### YOUR OBJECTIVE
The pictures in the listing below are to be skipped, while the lines between the line holding "Blu Mol 6483" and the line holding "Smeg electric kettle", inclusive, are to be output exactly.

### RECORDS FOR THIS TASK
┌────────

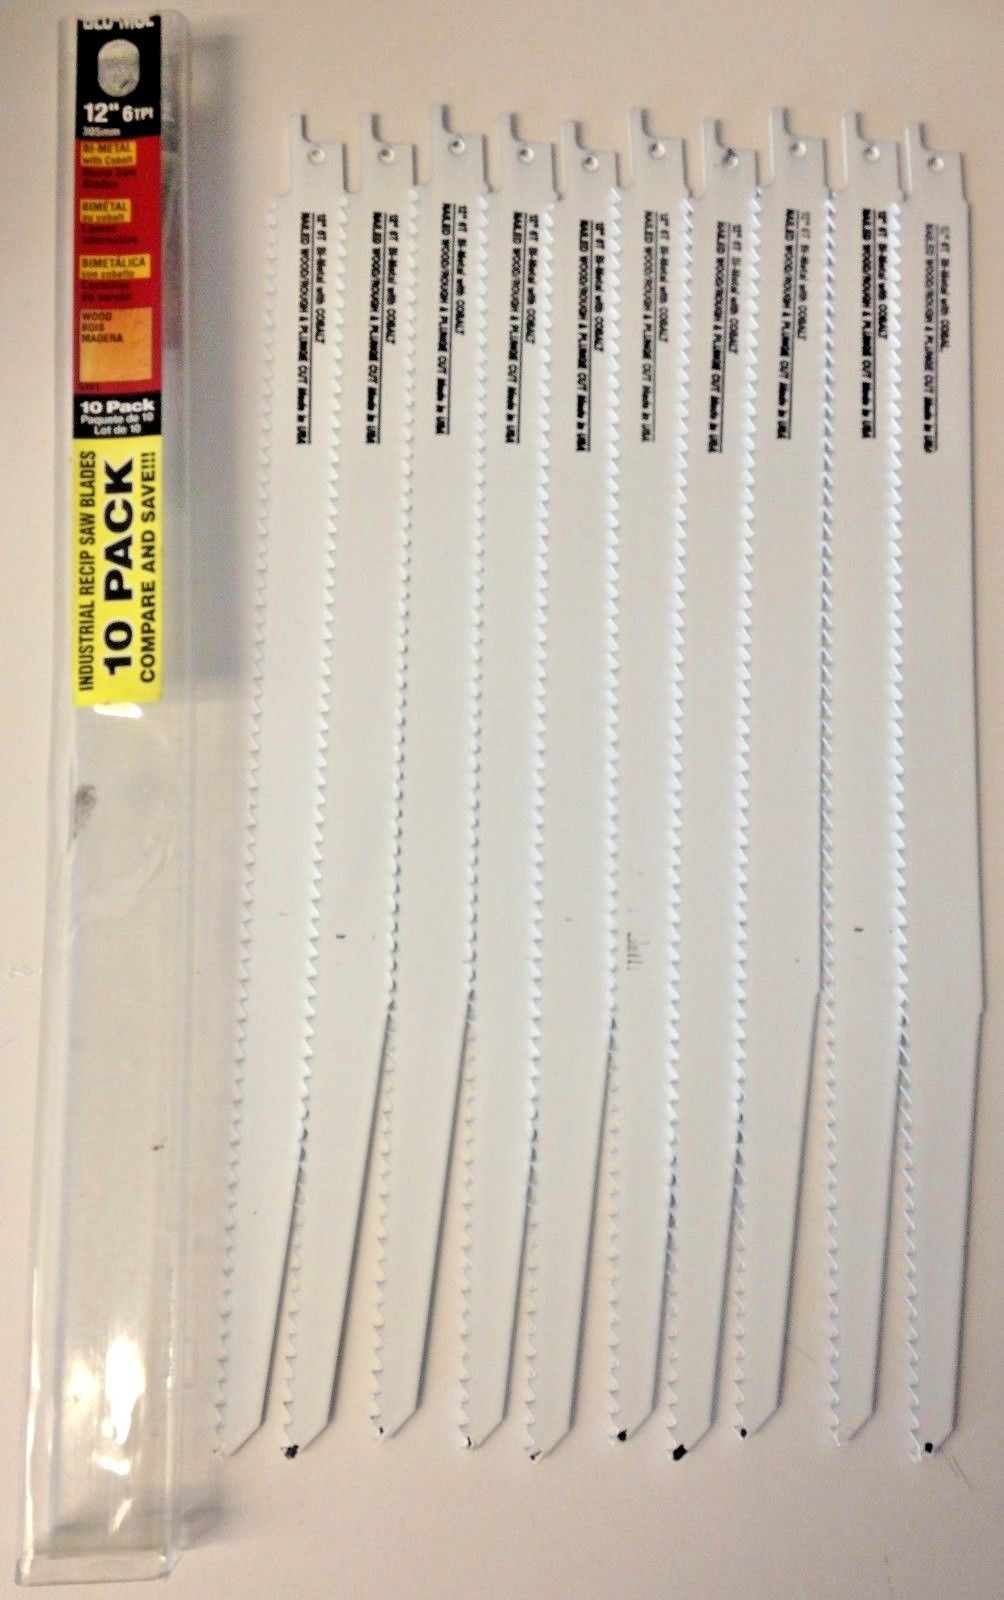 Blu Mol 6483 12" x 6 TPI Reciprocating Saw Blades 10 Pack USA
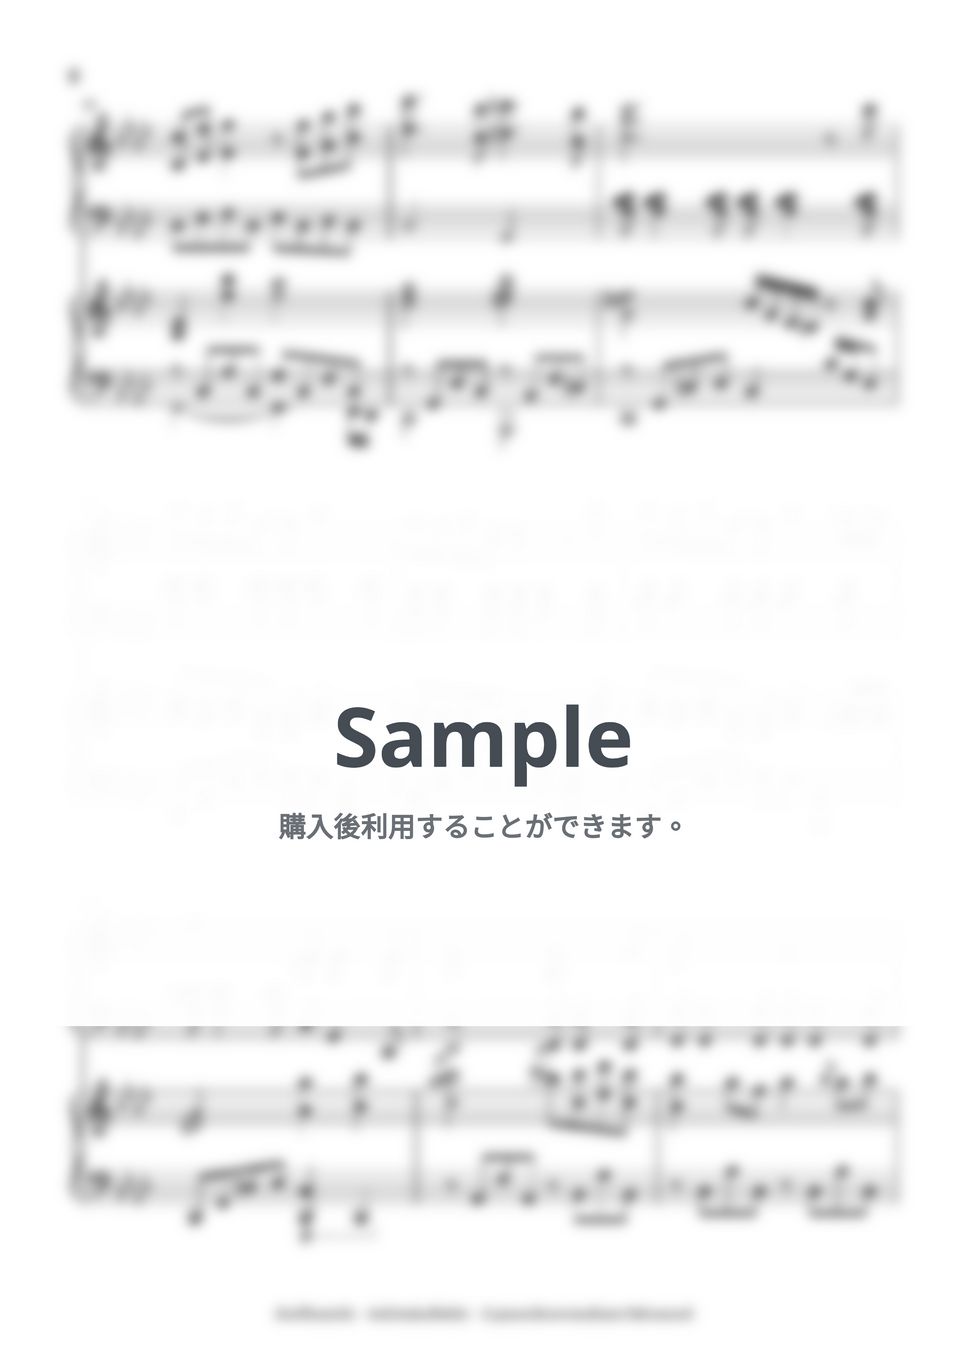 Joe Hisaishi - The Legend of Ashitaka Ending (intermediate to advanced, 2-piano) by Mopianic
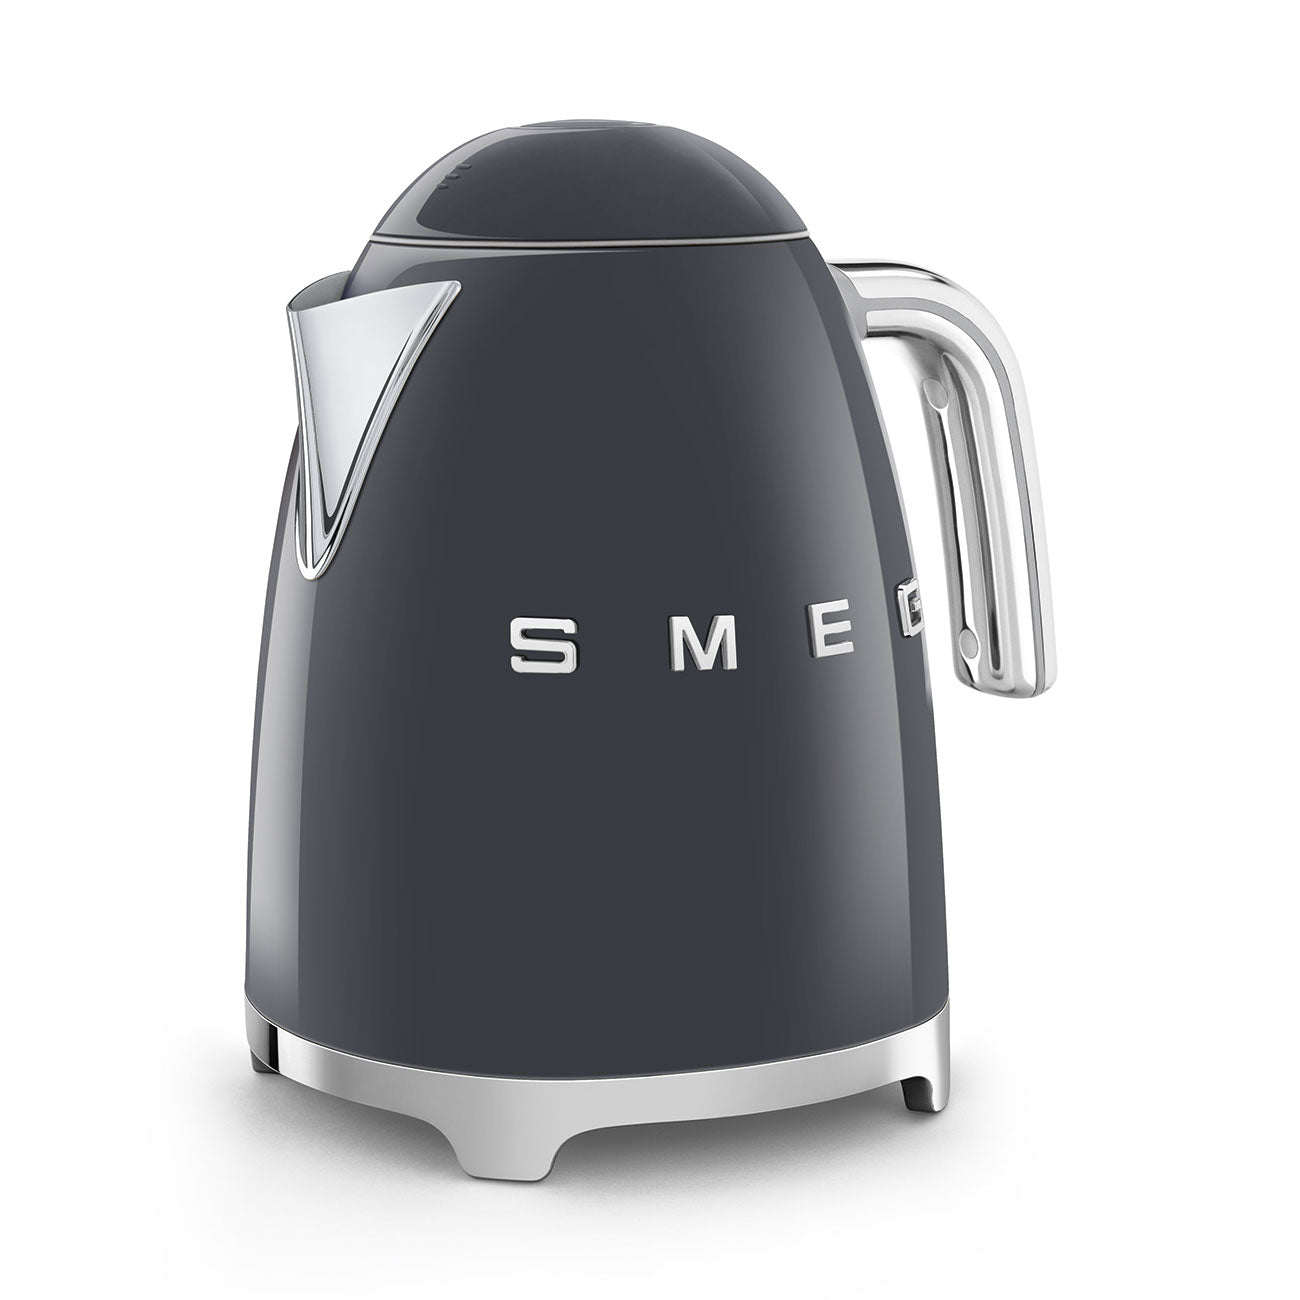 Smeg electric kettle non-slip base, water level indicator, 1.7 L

└────────
┌────────

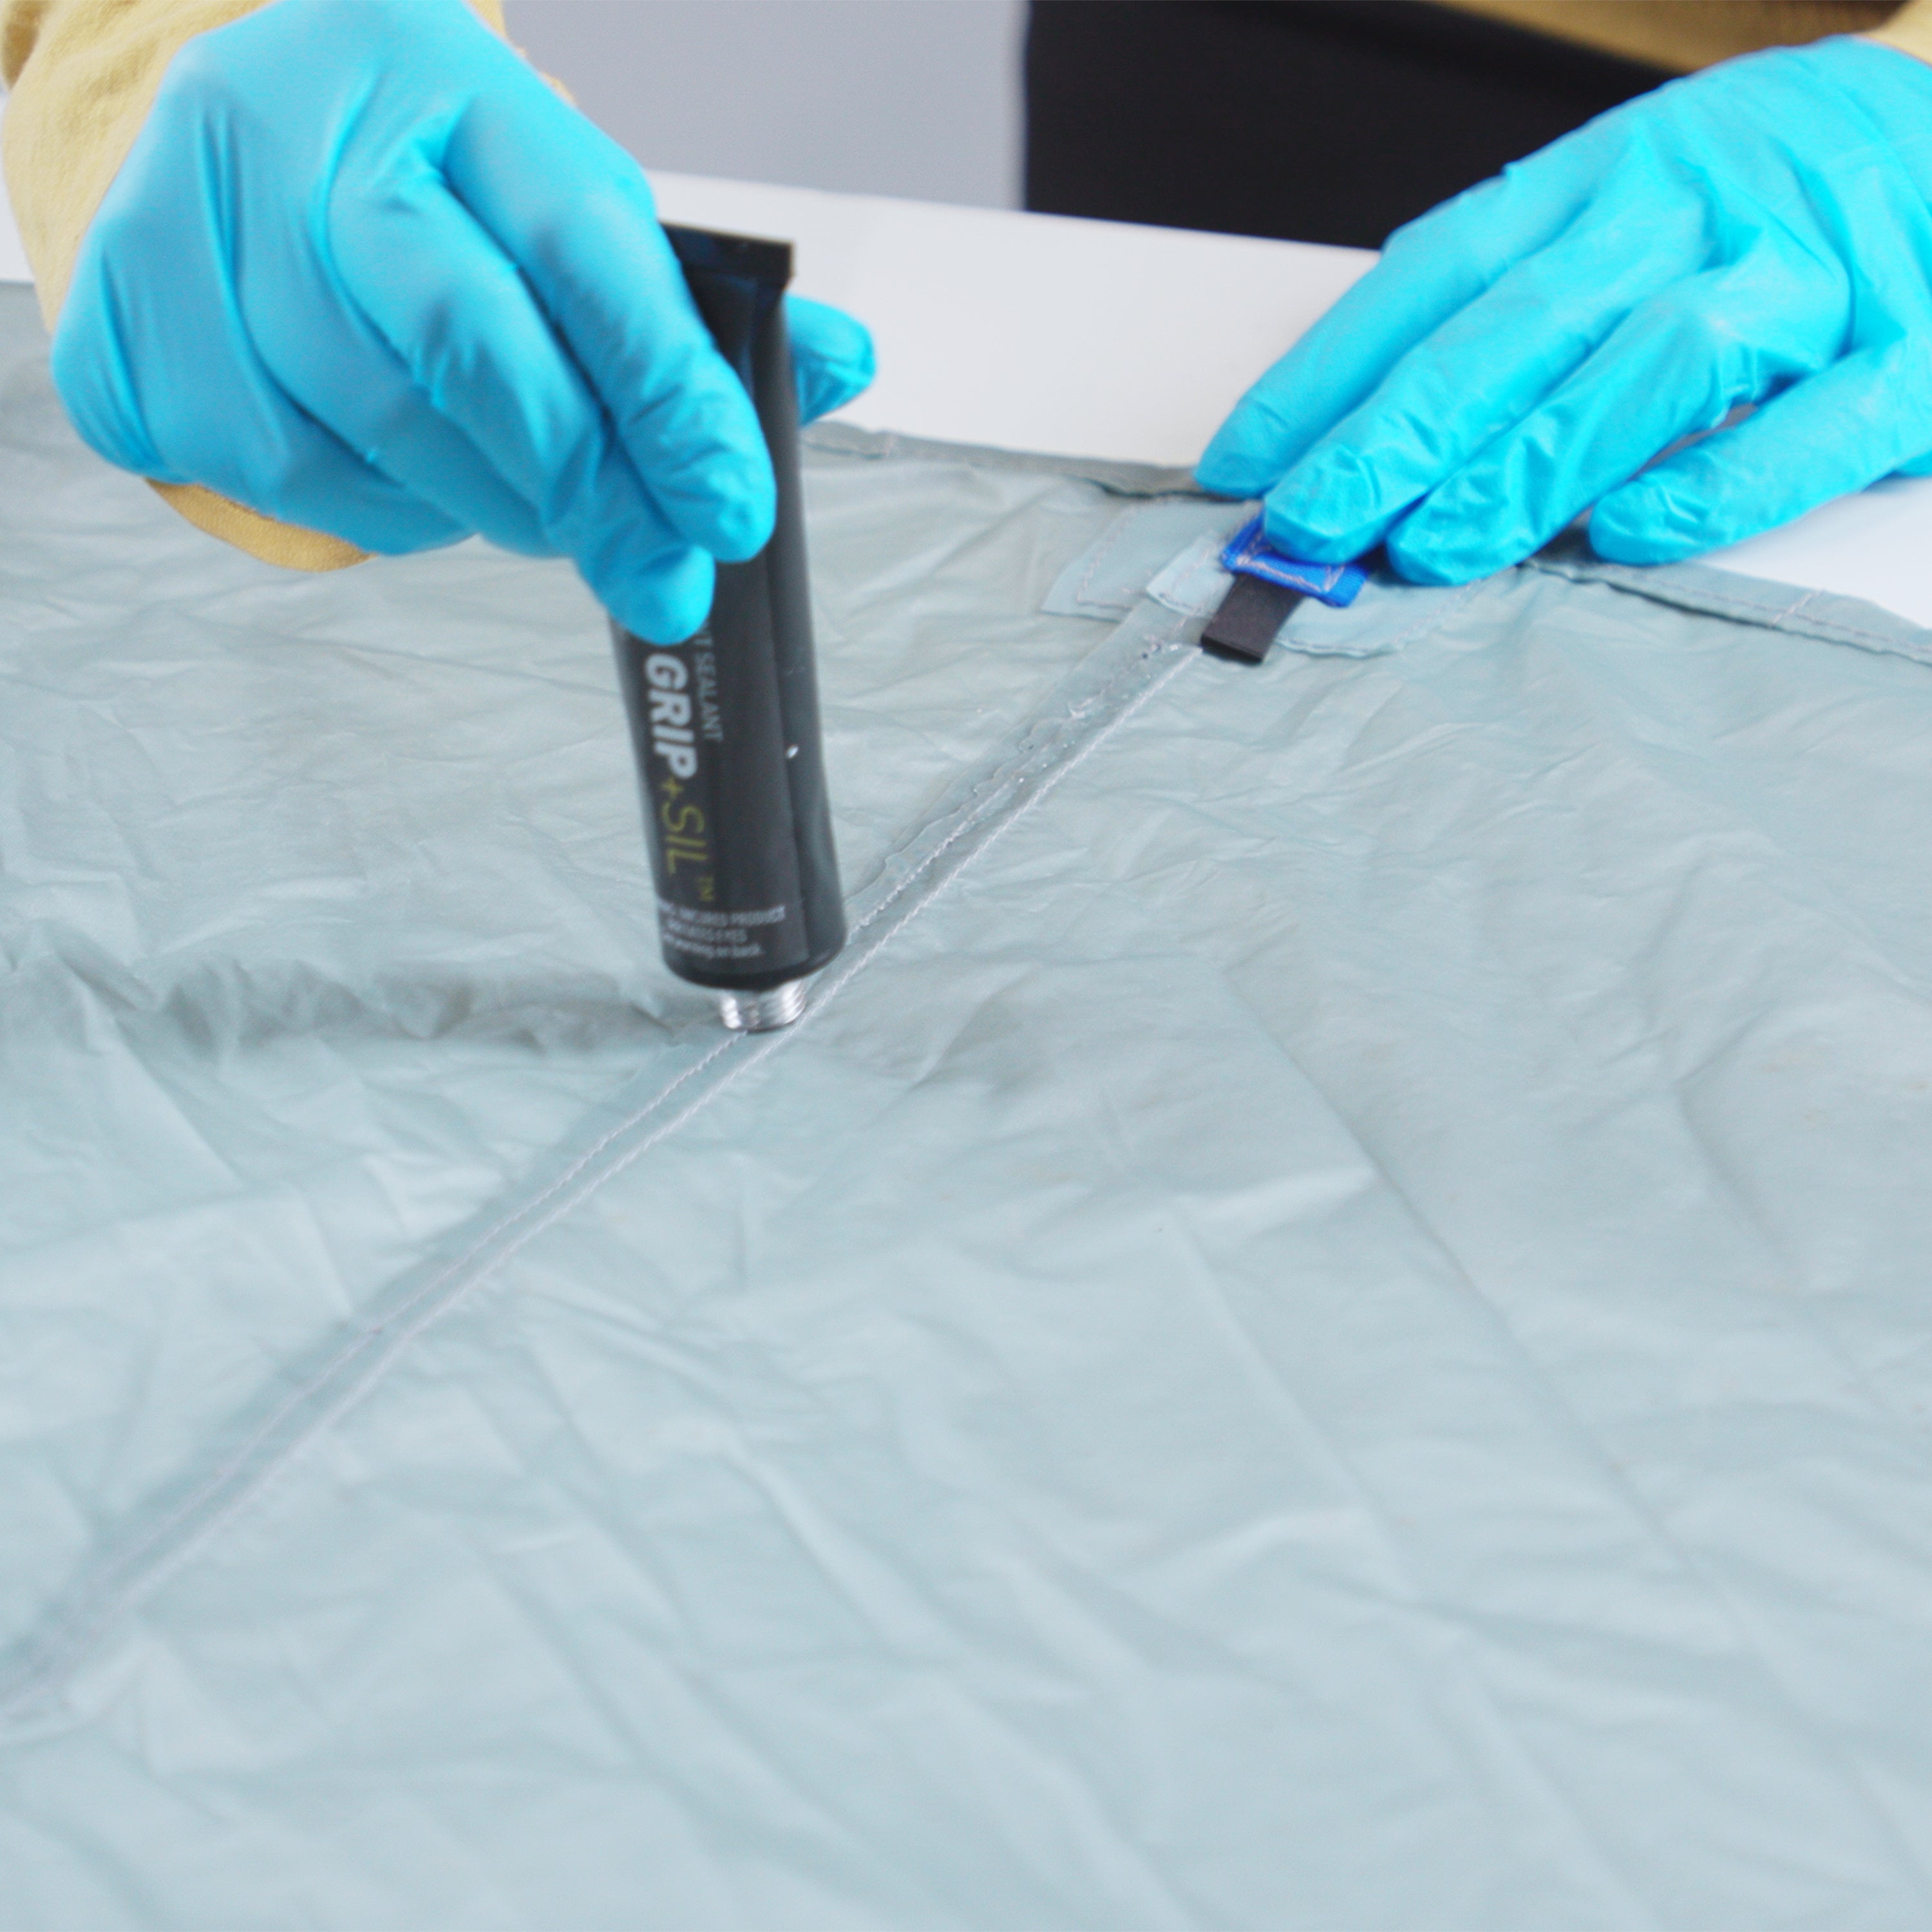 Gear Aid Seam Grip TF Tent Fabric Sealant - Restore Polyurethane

└────────

### SOLUTION TO THIS EXERCISE
 Blu Mol 6483 12" x 6 TPI Reciprocating Saw Blades 10 Pack USA
 Joe Hisaishi - The Legend of Ashitaka Ending (intermediate to advanced, 2-piano) by Mopianic
 Smeg electric kettle non-slip base, water level indicator, 1.7 L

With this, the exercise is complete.